Techniques in Random Discrete Structures
University of Athens, Greece, May 22-27.
The aim of this school is to acquaint graduate students and researchers with some of the most exciting phenomena and techniques around random discrete structures. It consists of the following three mini-courses, comprising five 90-minute lectures each.
Amin Coja-Oghlan (Frankfurt): Phase transitions in random structures
Since the early 2000s physicists have put forward exciting predictions on phase transitions in random graphs and the combinatorial phenomena that cause them. Recently significant advances have been made toward putting the physics calculations on a rigorous basis. This has led to fantastic results in the theory of random graphs as well as to breakthroughs in coding theory and related areas. In this lecture series I will give an introduction to this work, from the physics intuition to the rigorous state of the art, and highlight promising future directions.
Will Perkins (Birmingham): Gibbs measures in statistical physics and combinatorics
The hard-core model is a basic model from statistical physics in which gas molecules are represented by vertices of a random independent set from a graph. As the typical density of this independent set increases on a lattice like Z^d, the model undergoes a phase transition from a disordered to an ordered state, which represents a crystallization phase transition in physics.
While Gibbs measures such as the hard-core model were developed in statistical physics, they have proved invaluable in many seemingly distant scientific areas including statistics, machine learning, and combinatorics. In this mini-course, we will focus on the use of Gibbs measures in combinatorics and graph theory, and in particular on the extremal theory of sparse graphs. We will answer questions such as “Which d-regular graph has the most matchings?” using methods that combine probability, statistical physics, and optimization.
Along the way, many open research problems and directions will be presented. The course will include exercises and some hands-on demonstration of computer-assisted proof techniques.

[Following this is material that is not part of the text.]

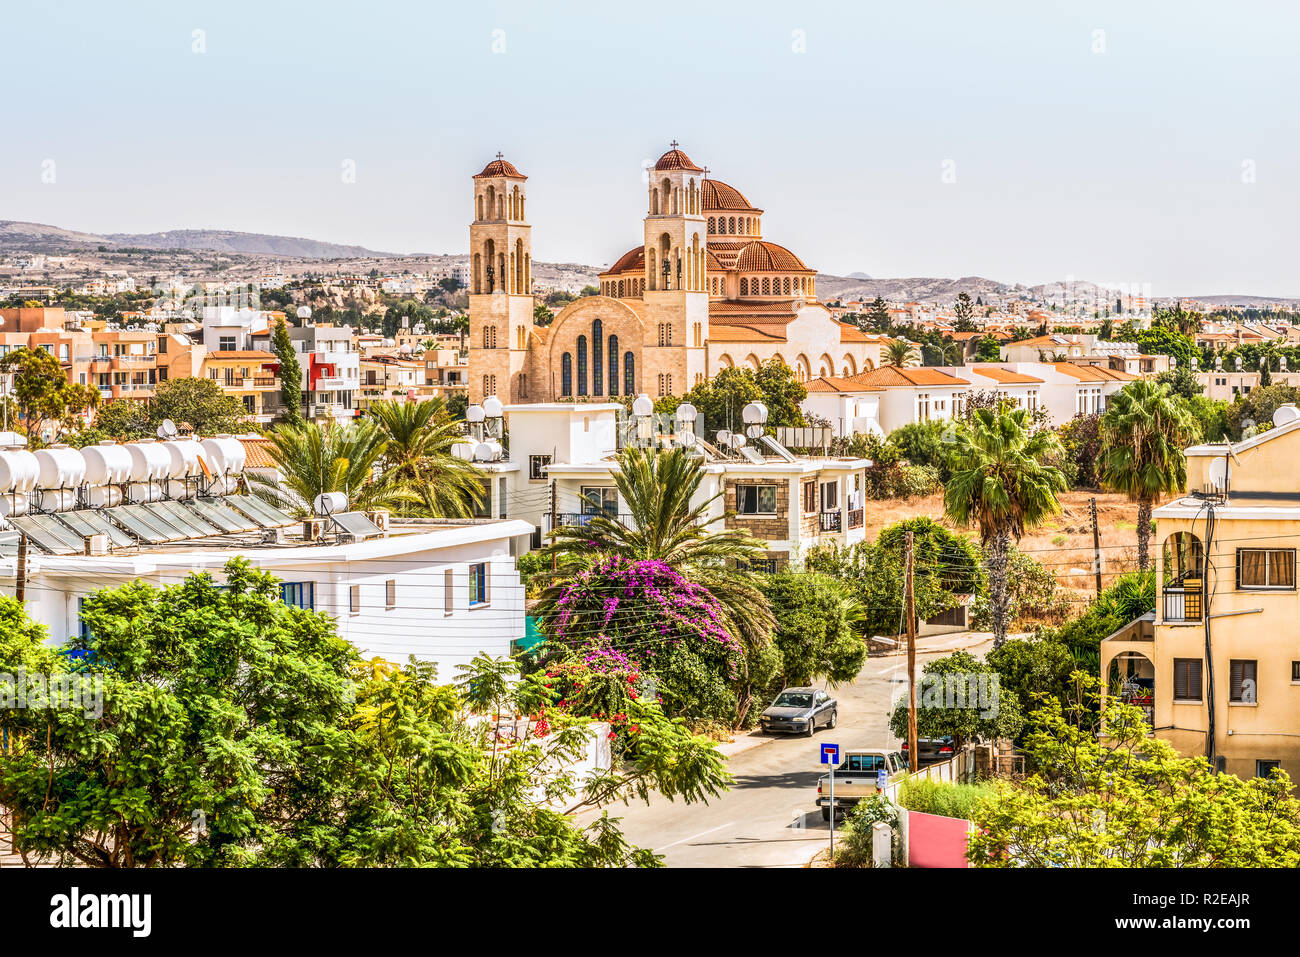 Vue de la ville de Paphos à Chypre. Paphos est connue comme le centre de l'histoire ancienne et la culture de l'île. Il est très populaire en tant que centre de Banque D'Images

Stephan Wagner (Stellenbosch): Analytic Combinatorics
The analysis of generating functions is a powerful tool for the exact and asymptotic enumeration of discrete structures as well as the study of parameters of random structures. Typical examples include trees and other types of graphs, words over finite alphabets, permutations, compositions, number partitions and set partitions. I will provide an introduction to some common techniques in this area, such as singularity analysis of generating functions, the saddle point method and the quasi-power theorem. By means of different topical examples, I will show how these methods can be applied to determine asymptotic enumeration formulas as well as limit theorems for random discrete structures.
Participants may also be interested in the
Athens Probability Colloquium
More details and the precise schedule will appear here soon.
Participation is free of charge, but unfortunately we cannot provide financial support. All participants are required to registered; registration guideliness will appear here later.